» Exercise directions
Repeat exactly, and only, the lines from the one containing "sprinkling chives over bread dough" through the last line of the data below.

» Extracted material

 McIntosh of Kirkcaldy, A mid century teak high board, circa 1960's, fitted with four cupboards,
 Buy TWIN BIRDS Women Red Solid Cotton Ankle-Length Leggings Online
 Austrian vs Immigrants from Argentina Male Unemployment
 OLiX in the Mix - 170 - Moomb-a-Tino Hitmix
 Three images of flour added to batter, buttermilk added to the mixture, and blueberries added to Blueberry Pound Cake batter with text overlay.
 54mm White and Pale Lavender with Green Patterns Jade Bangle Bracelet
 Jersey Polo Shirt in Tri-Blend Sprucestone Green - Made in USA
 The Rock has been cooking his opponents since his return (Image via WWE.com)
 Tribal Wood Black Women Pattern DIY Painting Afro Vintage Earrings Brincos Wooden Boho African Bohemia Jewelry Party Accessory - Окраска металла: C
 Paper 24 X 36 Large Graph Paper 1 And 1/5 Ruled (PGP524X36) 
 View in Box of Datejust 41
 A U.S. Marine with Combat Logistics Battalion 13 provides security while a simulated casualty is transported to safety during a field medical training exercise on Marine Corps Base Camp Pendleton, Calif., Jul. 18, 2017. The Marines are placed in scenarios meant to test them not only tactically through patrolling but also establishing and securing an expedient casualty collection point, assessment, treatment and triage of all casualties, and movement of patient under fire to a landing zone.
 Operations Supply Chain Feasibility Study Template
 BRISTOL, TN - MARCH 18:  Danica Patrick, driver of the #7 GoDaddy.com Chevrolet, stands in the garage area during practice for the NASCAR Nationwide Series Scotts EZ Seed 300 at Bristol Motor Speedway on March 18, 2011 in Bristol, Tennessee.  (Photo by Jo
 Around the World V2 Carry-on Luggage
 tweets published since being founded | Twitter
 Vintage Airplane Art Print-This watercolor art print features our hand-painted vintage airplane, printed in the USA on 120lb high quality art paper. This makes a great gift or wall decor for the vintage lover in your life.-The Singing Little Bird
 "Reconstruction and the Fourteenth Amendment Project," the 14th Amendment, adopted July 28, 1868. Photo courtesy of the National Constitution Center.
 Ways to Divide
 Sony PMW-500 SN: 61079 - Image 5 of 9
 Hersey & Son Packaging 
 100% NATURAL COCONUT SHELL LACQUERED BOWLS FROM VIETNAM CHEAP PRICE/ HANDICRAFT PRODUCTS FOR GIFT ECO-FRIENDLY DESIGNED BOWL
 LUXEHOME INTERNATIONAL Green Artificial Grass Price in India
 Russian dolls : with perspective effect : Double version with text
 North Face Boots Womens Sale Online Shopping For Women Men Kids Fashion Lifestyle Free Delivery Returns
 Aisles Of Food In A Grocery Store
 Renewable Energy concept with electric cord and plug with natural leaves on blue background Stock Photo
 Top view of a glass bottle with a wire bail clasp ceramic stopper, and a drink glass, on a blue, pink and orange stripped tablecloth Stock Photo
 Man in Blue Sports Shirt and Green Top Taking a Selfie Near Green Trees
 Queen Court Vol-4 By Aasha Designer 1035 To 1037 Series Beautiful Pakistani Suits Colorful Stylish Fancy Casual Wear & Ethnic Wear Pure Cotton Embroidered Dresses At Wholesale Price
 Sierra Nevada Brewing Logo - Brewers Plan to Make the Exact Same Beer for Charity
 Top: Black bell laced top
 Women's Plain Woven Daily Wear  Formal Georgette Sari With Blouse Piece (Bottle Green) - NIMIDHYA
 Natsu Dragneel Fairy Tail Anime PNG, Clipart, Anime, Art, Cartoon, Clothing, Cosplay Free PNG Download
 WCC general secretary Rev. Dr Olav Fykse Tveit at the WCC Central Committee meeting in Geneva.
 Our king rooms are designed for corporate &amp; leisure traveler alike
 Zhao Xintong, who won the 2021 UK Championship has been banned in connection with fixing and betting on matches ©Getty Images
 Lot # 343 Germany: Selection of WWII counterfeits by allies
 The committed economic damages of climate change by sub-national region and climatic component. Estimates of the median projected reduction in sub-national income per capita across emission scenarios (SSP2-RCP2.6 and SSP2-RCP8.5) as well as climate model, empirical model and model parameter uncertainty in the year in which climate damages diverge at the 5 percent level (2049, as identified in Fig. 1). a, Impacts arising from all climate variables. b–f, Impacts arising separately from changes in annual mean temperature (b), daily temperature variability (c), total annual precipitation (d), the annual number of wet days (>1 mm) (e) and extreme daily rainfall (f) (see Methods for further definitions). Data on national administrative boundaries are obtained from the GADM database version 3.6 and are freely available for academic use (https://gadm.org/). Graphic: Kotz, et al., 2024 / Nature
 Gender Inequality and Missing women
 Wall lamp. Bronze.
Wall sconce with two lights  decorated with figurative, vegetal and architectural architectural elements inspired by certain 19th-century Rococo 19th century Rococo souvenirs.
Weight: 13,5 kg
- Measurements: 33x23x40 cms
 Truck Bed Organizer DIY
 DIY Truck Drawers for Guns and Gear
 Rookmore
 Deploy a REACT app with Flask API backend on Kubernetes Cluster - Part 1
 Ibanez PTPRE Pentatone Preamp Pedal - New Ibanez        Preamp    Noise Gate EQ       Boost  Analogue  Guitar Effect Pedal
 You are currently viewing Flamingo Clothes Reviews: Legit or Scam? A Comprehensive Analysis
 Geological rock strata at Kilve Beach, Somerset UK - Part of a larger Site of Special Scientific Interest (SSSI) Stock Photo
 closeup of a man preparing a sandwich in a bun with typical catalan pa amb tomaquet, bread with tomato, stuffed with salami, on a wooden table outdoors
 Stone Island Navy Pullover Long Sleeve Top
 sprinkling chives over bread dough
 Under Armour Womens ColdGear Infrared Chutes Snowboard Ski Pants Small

» Response below
 sprinkling chives over bread dough
 Under Armour Womens ColdGear Infrared Chutes Snowboard Ski Pants Small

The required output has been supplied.